Great video. It’s wonderful to see the return of sleeper trains across Europe. While some people are critical of the older rolling stock, if it’s comfortable, does the job and the fares are reasonable, why not? 😊
"It’s wonderful to see the return of sleeper trains across Europe". No. Sleeper trains had just disappeared from *Western* Europe but Europe is fortunately much larger than just its Western part. It's mindblowing to see how stubbornly Westerners believe that "Europe = Western Europe".
@@majy1735 Oops. Fair point.
@@FromtheWindowSeat Thanks for your reply. Other than that, thanks for this report. I'm highly interested in this new night line, especially once it's extended to Dresden and Prague. I hope European Sleeper will keep expanding - and inspire more private and public rail companies into following suit.

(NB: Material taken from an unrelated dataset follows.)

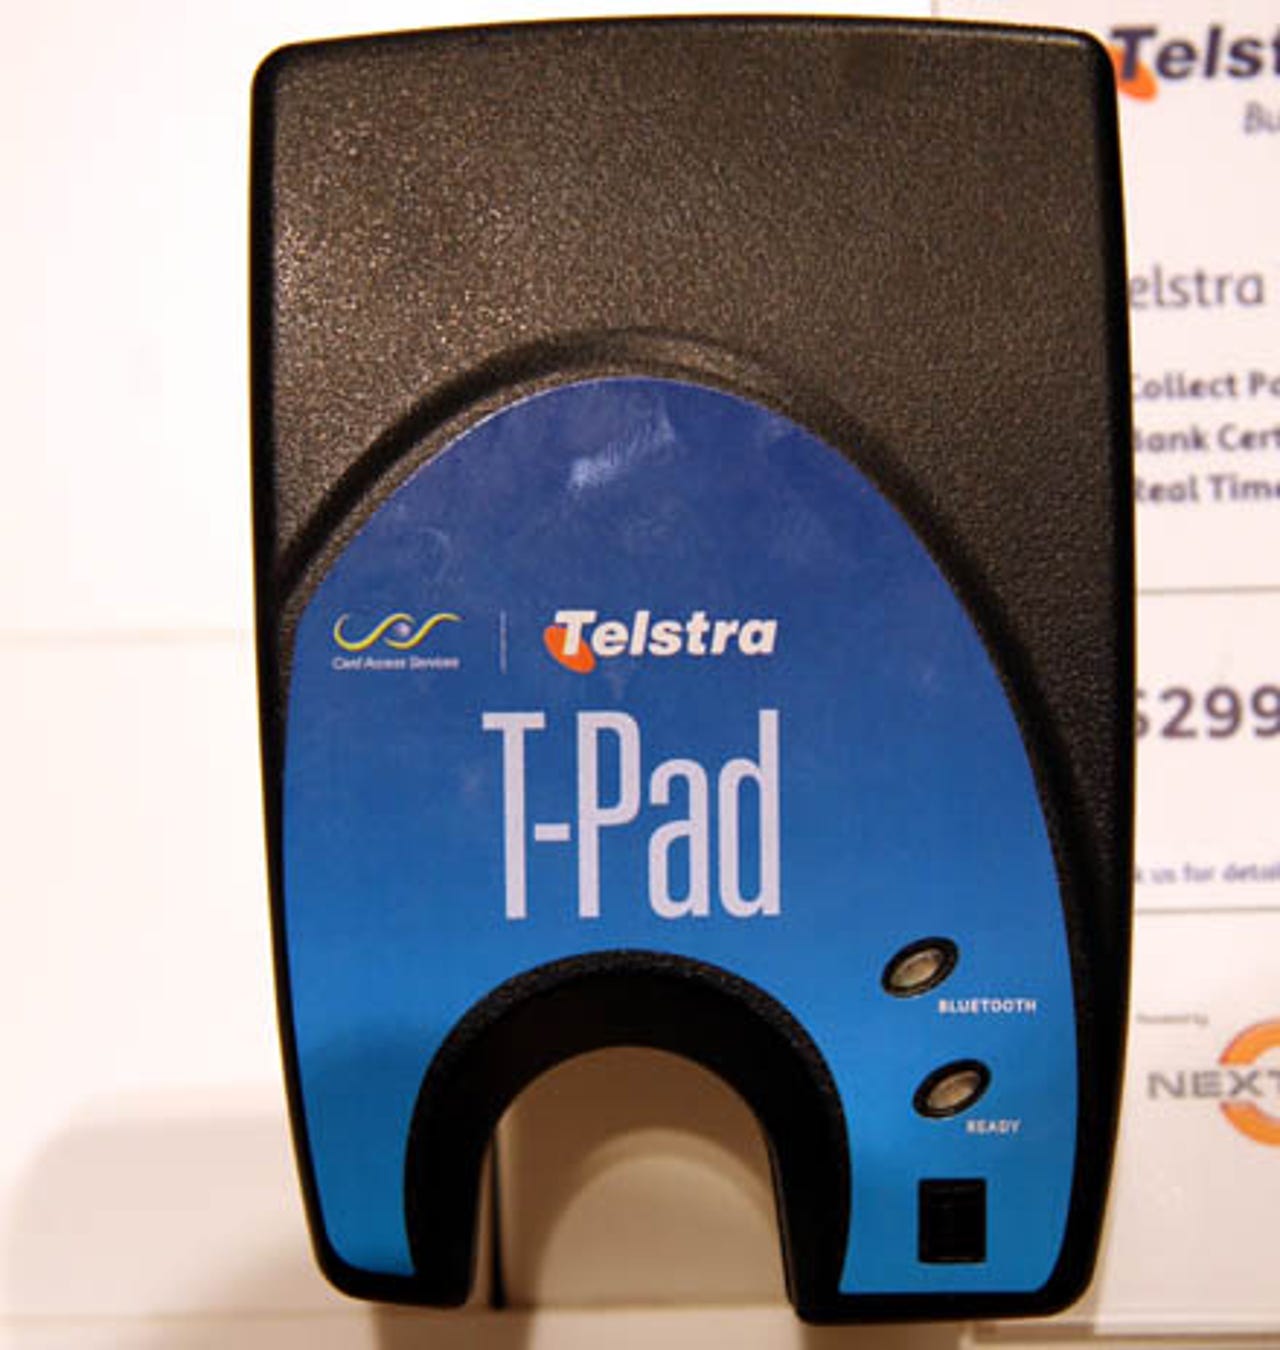 photos-telstra-launches-tlife-concept-store19.jpg

The fares are not reasonable, not for multi occupancy sleeping cars with layouts from the immediate post WWII era. How many people after two + years of covid terrorizing, and social distancing are going to want to share a room overnight with 4 to 6 random strangers. Walk up airfares are cheeper than this train and if you are going to be stuffed into a sardine can it might as well be for as short a period of time as possible.
The operators are starting these services before having adequate modern equipment, good grief nonAC cars in 2023? My bet is within a month this service will be down too 5-7 mostly empty cars as many of the other recently launched overnight trains have done.
@@emilkarpo Blablabla... No one forces you to take this train if you don't want to but please stop pouring your nonsense and frustrations onto people who are happy about it and plan to travel on it. Recent experience is proving time and time again that the "new" overnight train lines that are reopening in Western Europe are highly successful and often booked up.
Thanks for being so fast posting this recent trip.
What a cool compartment with window near upper bed!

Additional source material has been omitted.